TASK BRIEF: Return only these lines: the one that contains "Thorpeness Boats |" and every line after it through the end of the listing, exactly, without pictures.

PROVIDED DATA:
⟨

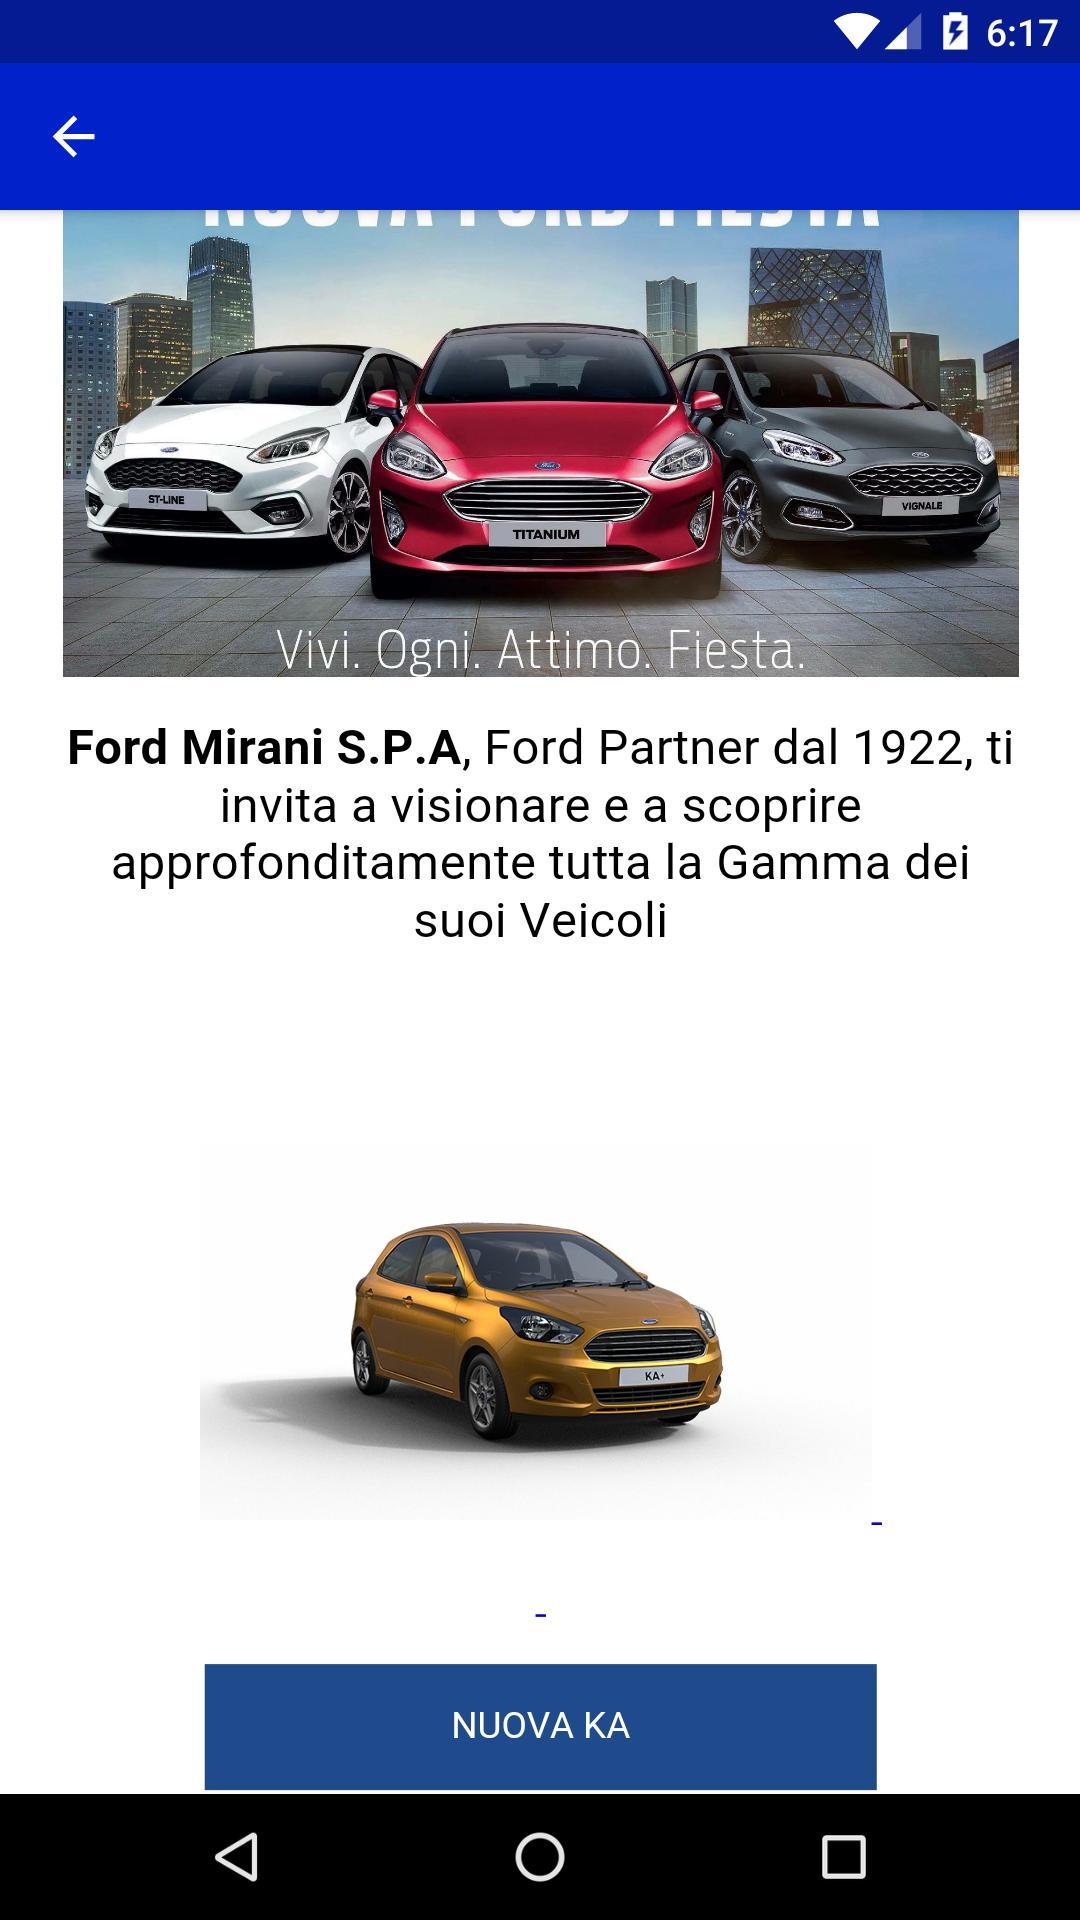 Ford Mirani poster
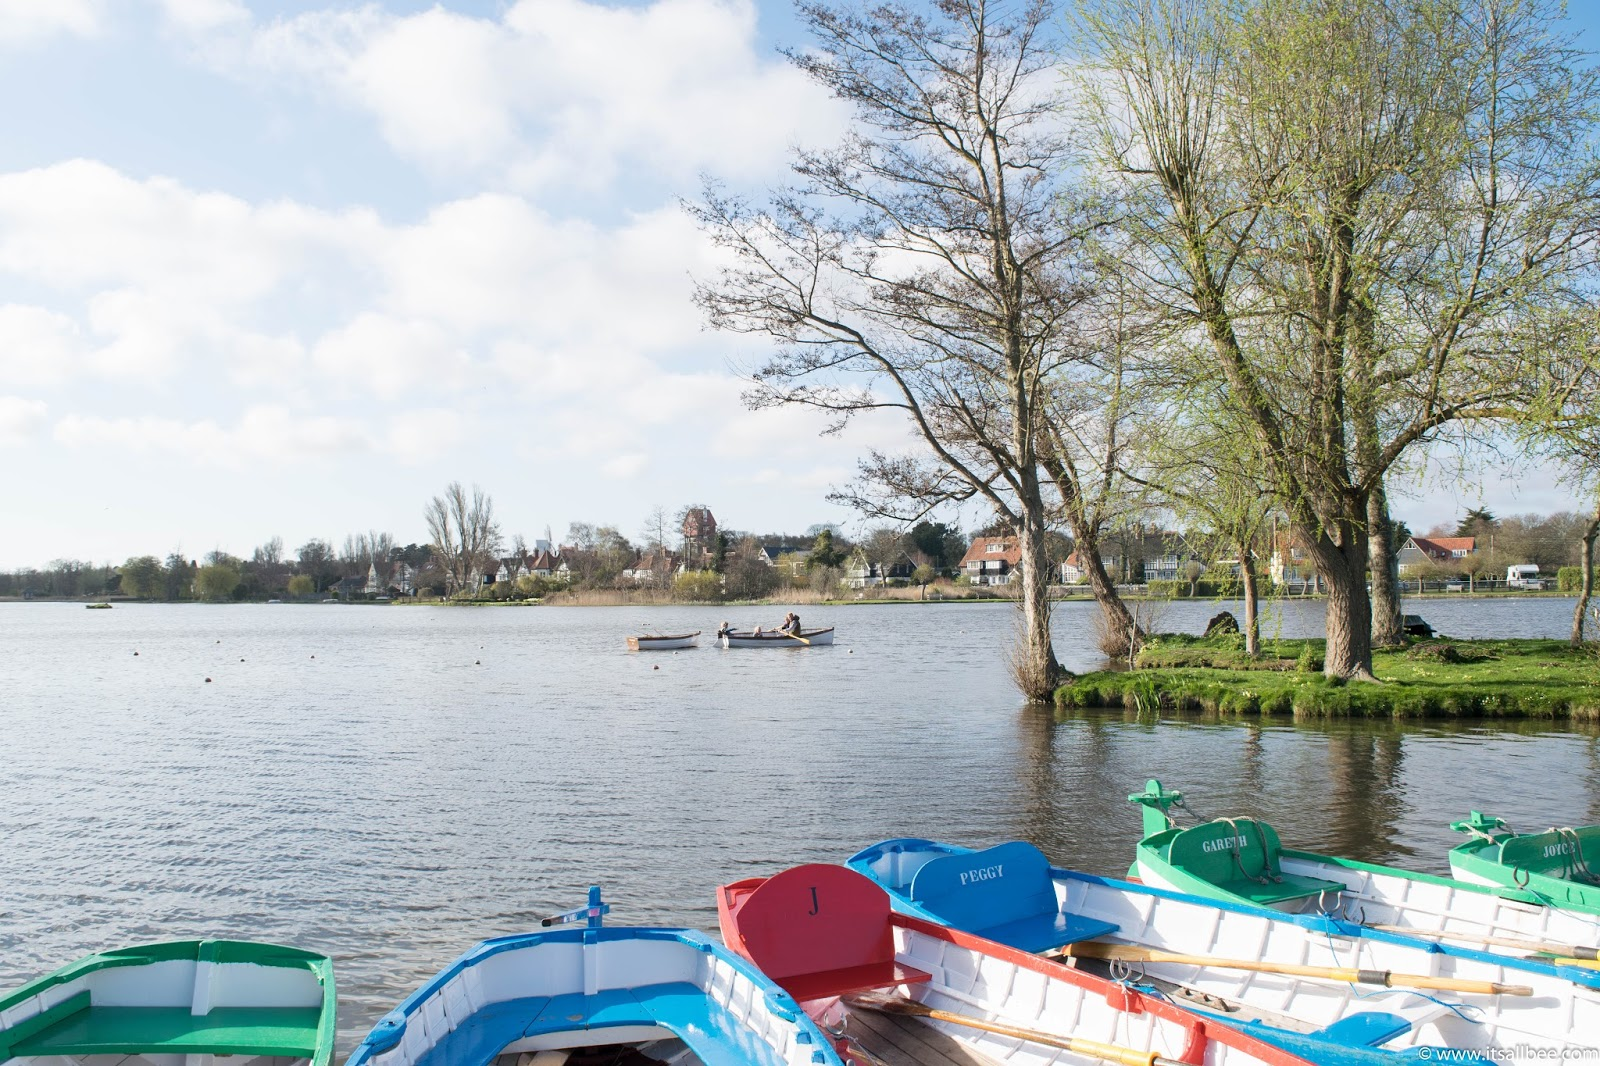 Thorpeness Boats | Thorpeness Boating Lake | Thorpeness Lake | Thorpeness Village
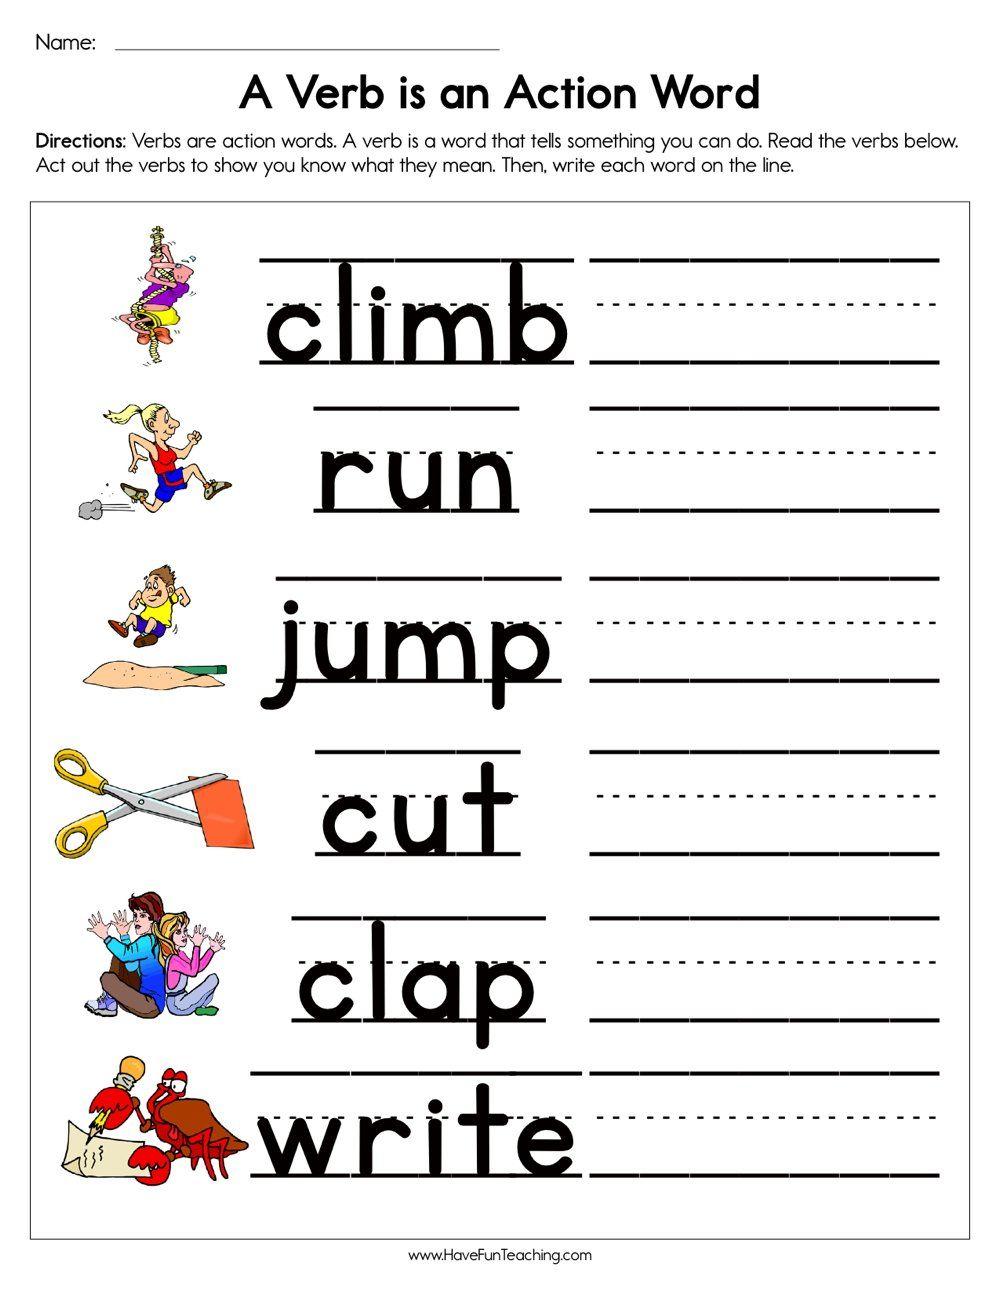 medium resolution of A Verb is an Action Word Worksheet   Action verbs worksheet

⟩

TASK RESULT:
 Thorpeness Boats | Thorpeness Boating Lake | Thorpeness Lake | Thorpeness Village
 medium resolution of A Verb is an Action Word Worksheet   Action verbs worksheet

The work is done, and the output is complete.